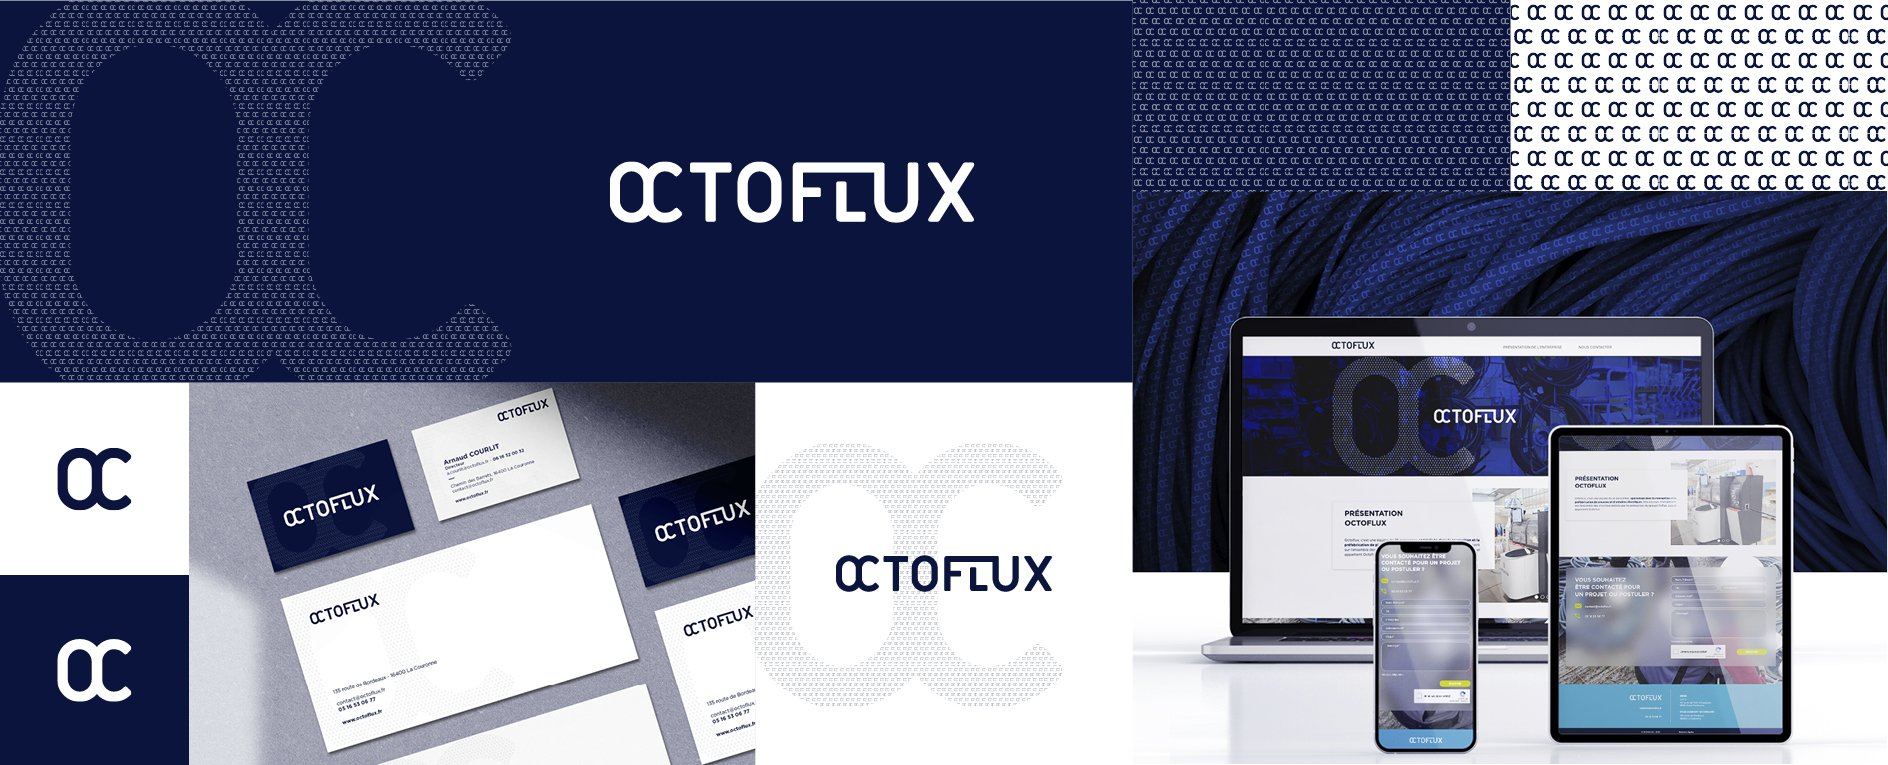 OCTOFLUX - logo, identité graphique, mise en situation
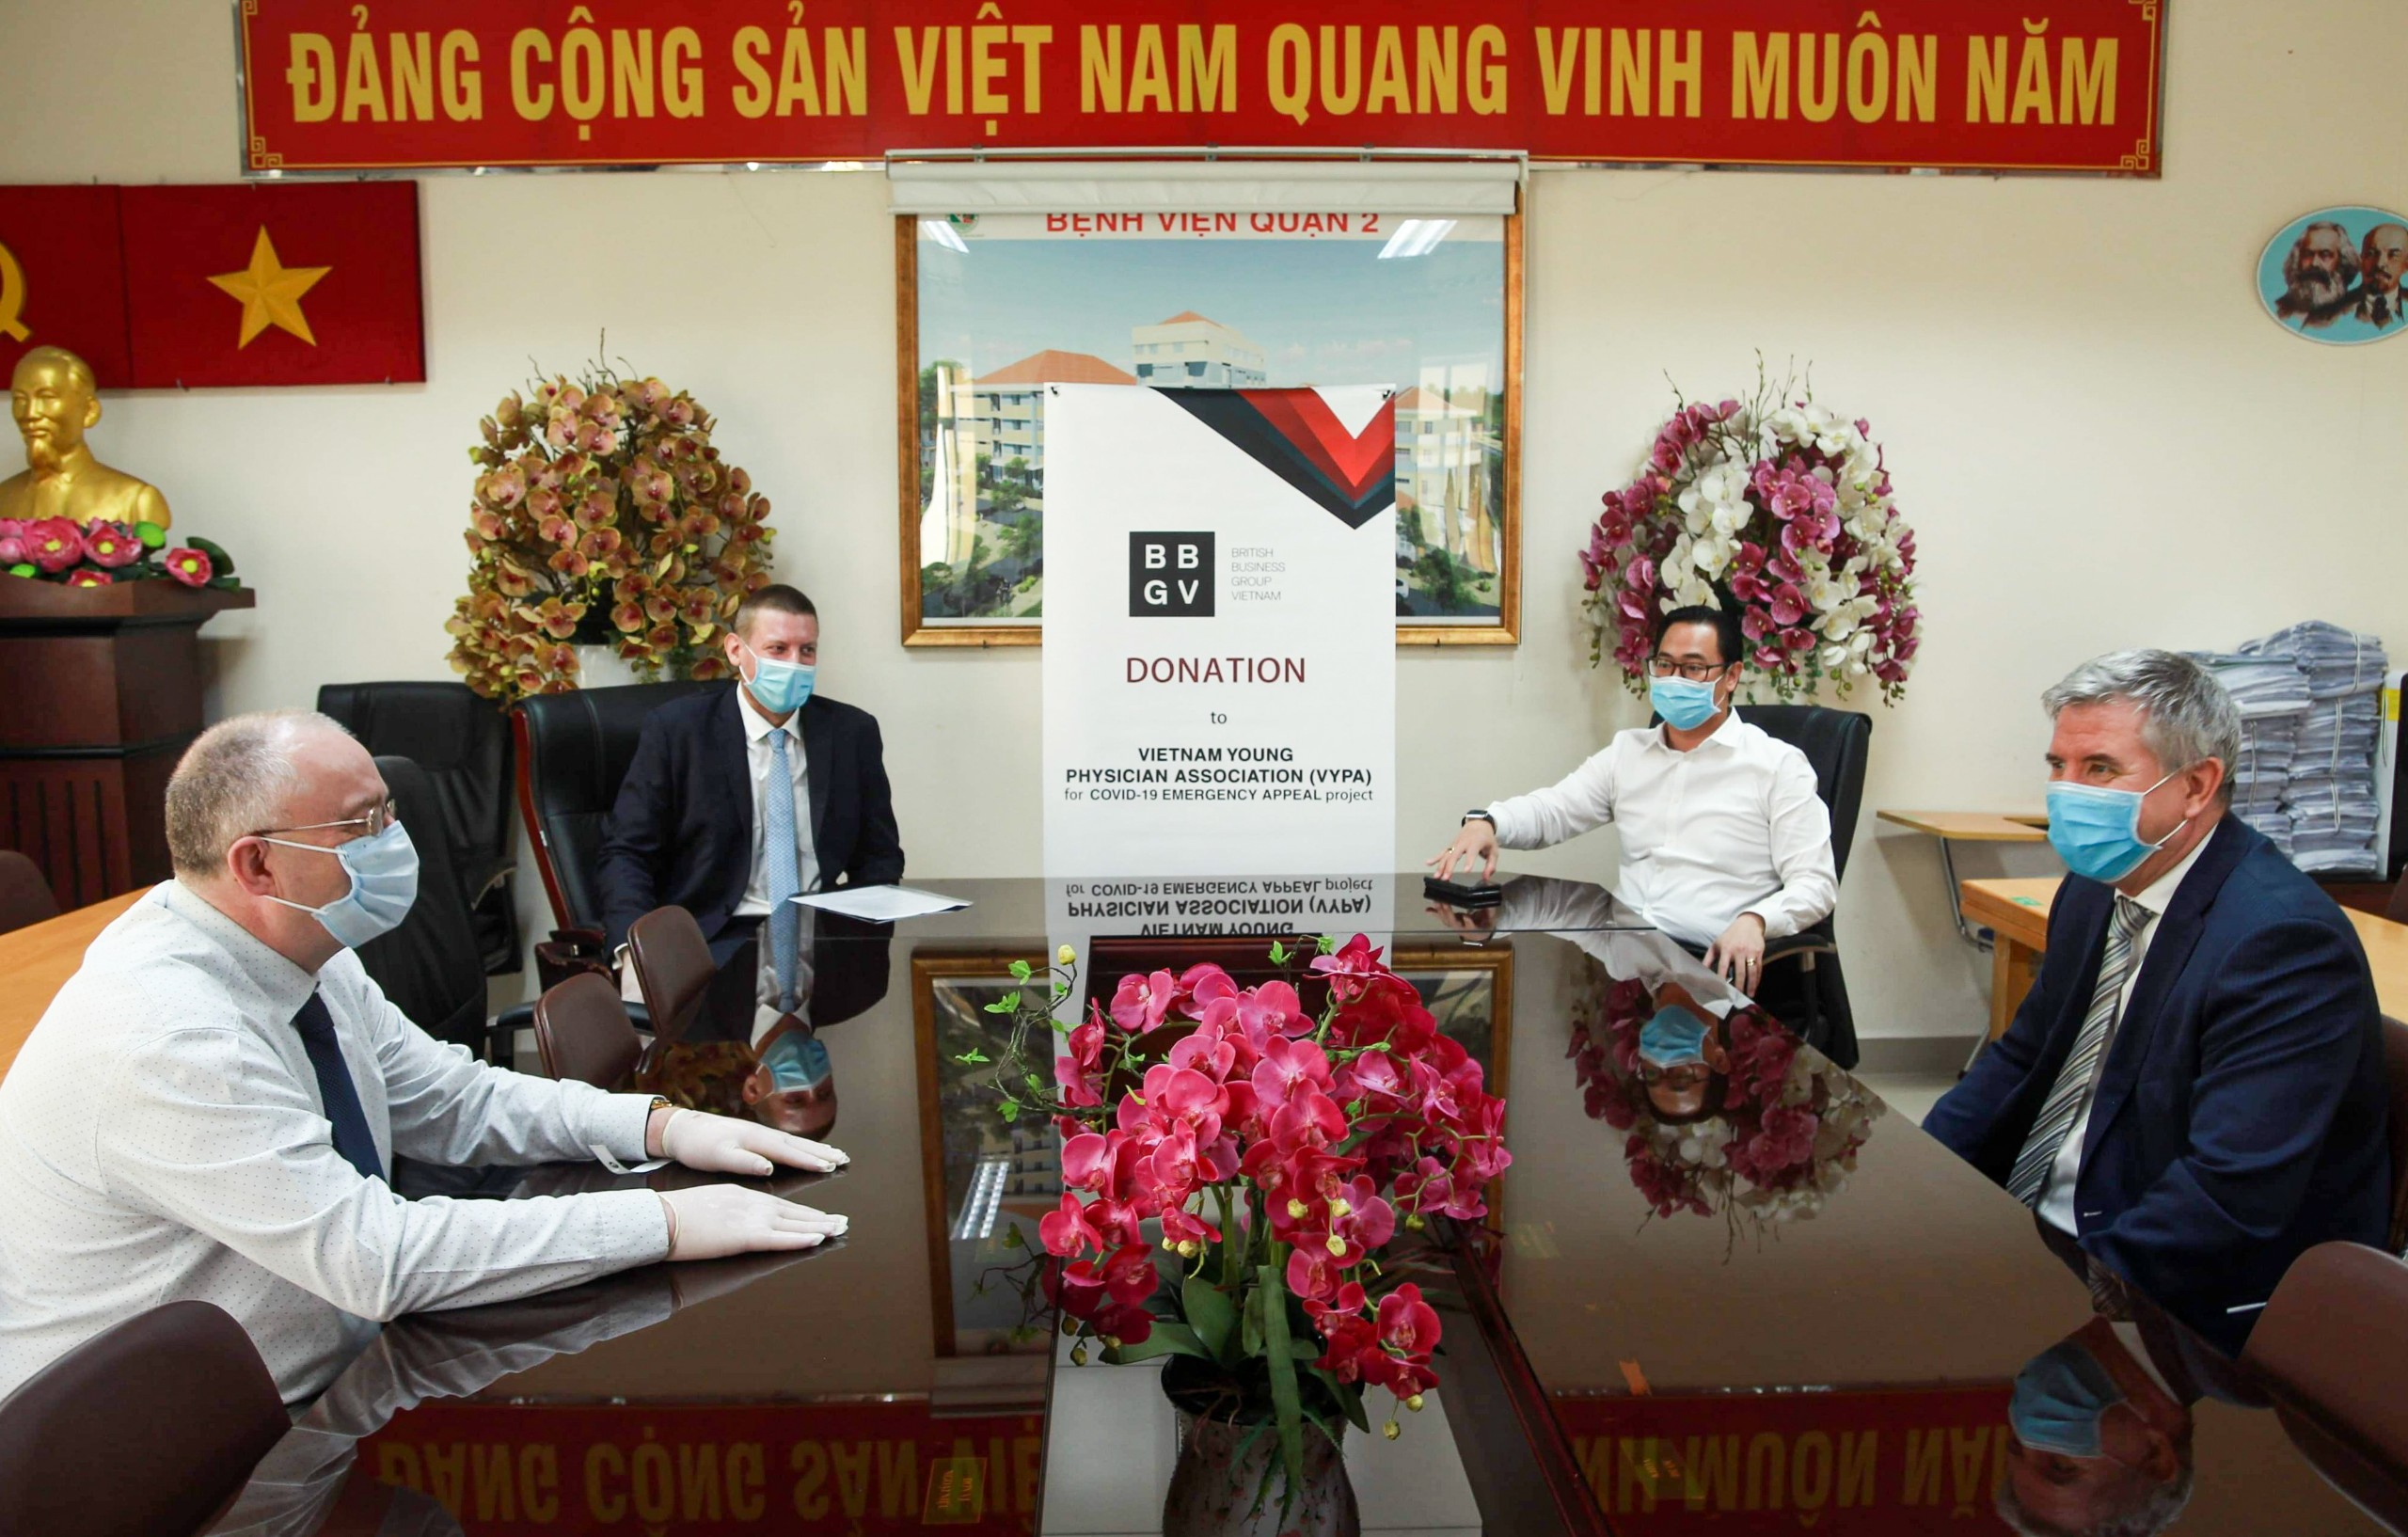 Hội doanh nghiệp Anh ủng hộ 500 triệu đồng cho Việt Nam chống Covid-19
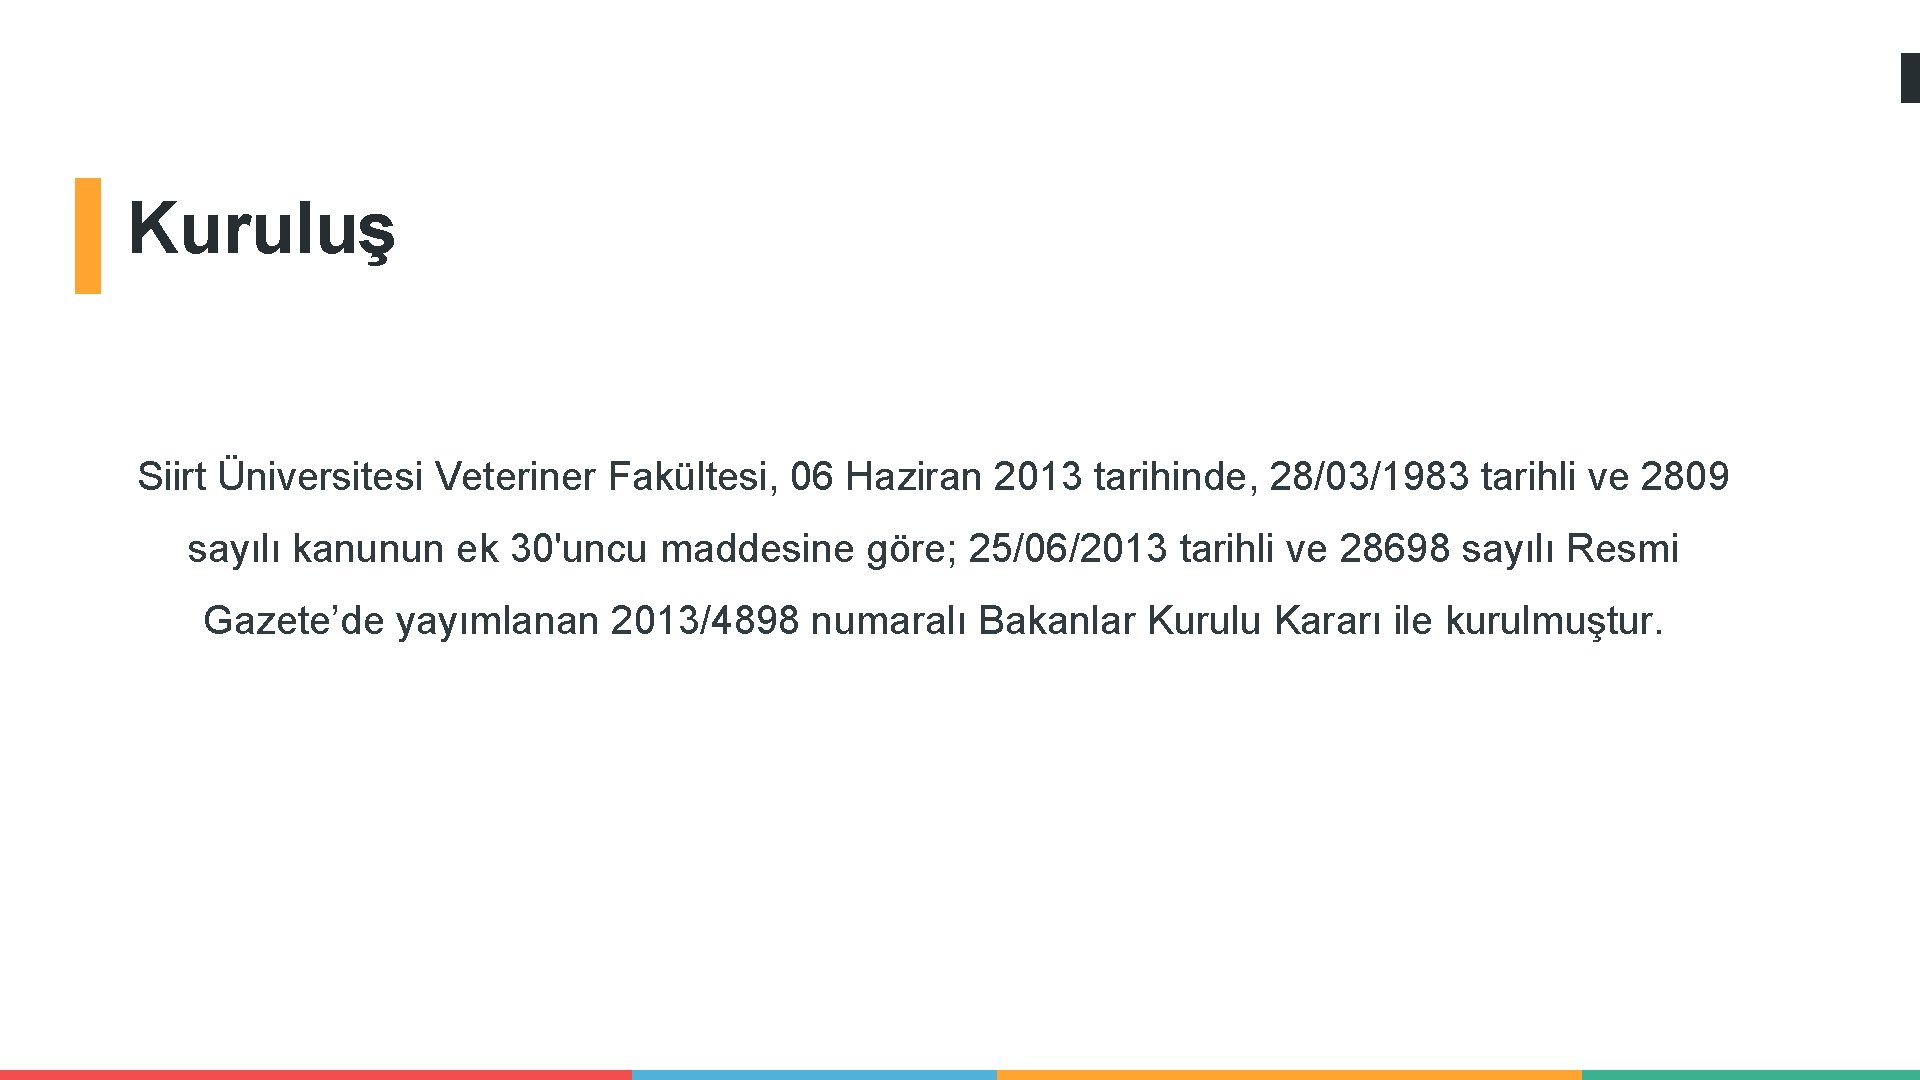 Kuruluş Siirt Üniversitesi Veteriner Fakültesi, 06 Haziran 2013 tarihinde, 28/03/1983 tarihli ve 2809 sayılı

• DESCRIPTION OF THE TASK: Reproduce the material above in full, images excluded.

• THE COMPLETED TASK:
 OCTOFLUX - logo, identité graphique, mise en situation
 Hội doanh nghiệp Anh ủng hộ 500 triệu đồng cho Việt Nam chống Covid-19
 Kuruluş Siirt Üniversitesi Veteriner Fakültesi, 06 Haziran 2013 tarihinde, 28/03/1983 tarihli ve 2809 sayılı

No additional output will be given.